В 1800 г. сборник был переиздан с большим предисловием Вордсворта, в котором он попытался теоретически обосновать свой взгляд на поэзию, и вызвал новый шквал критики. Но время работало на авторов “Лирических баллад”: направление, ими указанное, угадывало потребности и тенденции развития их эпохи. “Будь произведения мистера Вордсворта пустыми детскими стишками, за каковые их долгое время выдавали, — писал Кольридж, — отличайся они от сочинений прочих поэтов единственно упрощенностью речи и незрелостью мысли, заключай они в себе на самом деле лишь то, чем характерны посвященные им пародии и жалкие имитации, и они тотчас же сгинули бы мертвым грузом в трясине забвения… Но число поклонников мистера Вордсворта год от года росло, и это был не низший разряд читающей публики, но преимущественно молодые люди, весьма здравомыслящие и рассудительные, а их восхищение (отчасти подогреваемое, надо думать, оппозицией) отличалось страстностью, я бы даже сказал — религиозным порывом” [7]. Когда же эпоха романтизма со всеми ее литературными баталиями отошла в прошлое, стало очевидно, что “Лирические баллады” Вордсворта и Кольриджа были вехой, ознаменовавшей начало этой эпохи в английской литературе, а предисловие Вордсворта к их второму изданию — первым в Англии литературным манифестом романтизма.
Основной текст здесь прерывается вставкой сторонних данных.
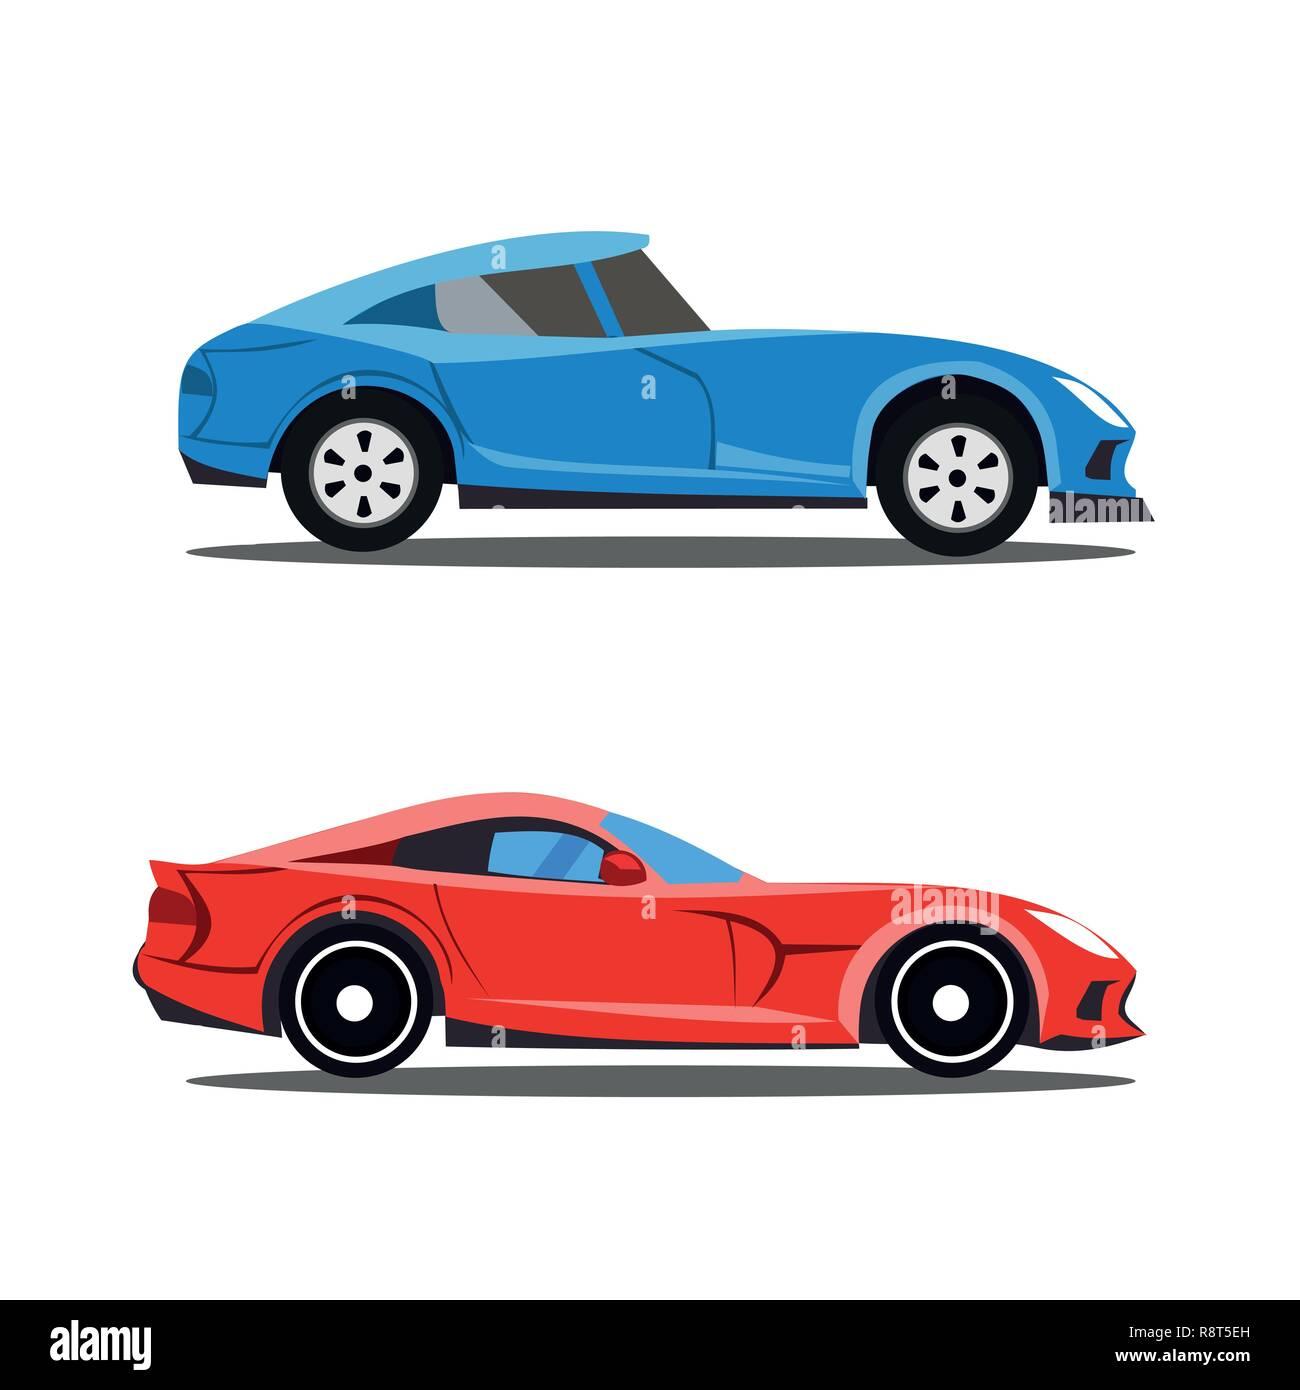 Model of profile cars, car cartoon designs in profile view - Stock Image

Но вернемся к сентябрю 1798 г. Получив свой скромный гонорар, Вордсворт, Дороти и Кольридж отплыли в Германию. Инициатором этого путешествия был, конечно, Кольридж. Германия в конце XVIII в. была страной великой философии и зарождающегося романтизма, родиной новых романтических идей и в философии, и в литературе. Ее интеллектуальная атмосфера притягивала Кольриджа, и он отправился по университетским городам, в совершенстве освоил язык, слушал лекции, завел обширные знакомства, был даже принят в высшем аристократическом обществе.
7
Литературные манифесты западноевропейских романтиков, с. 281.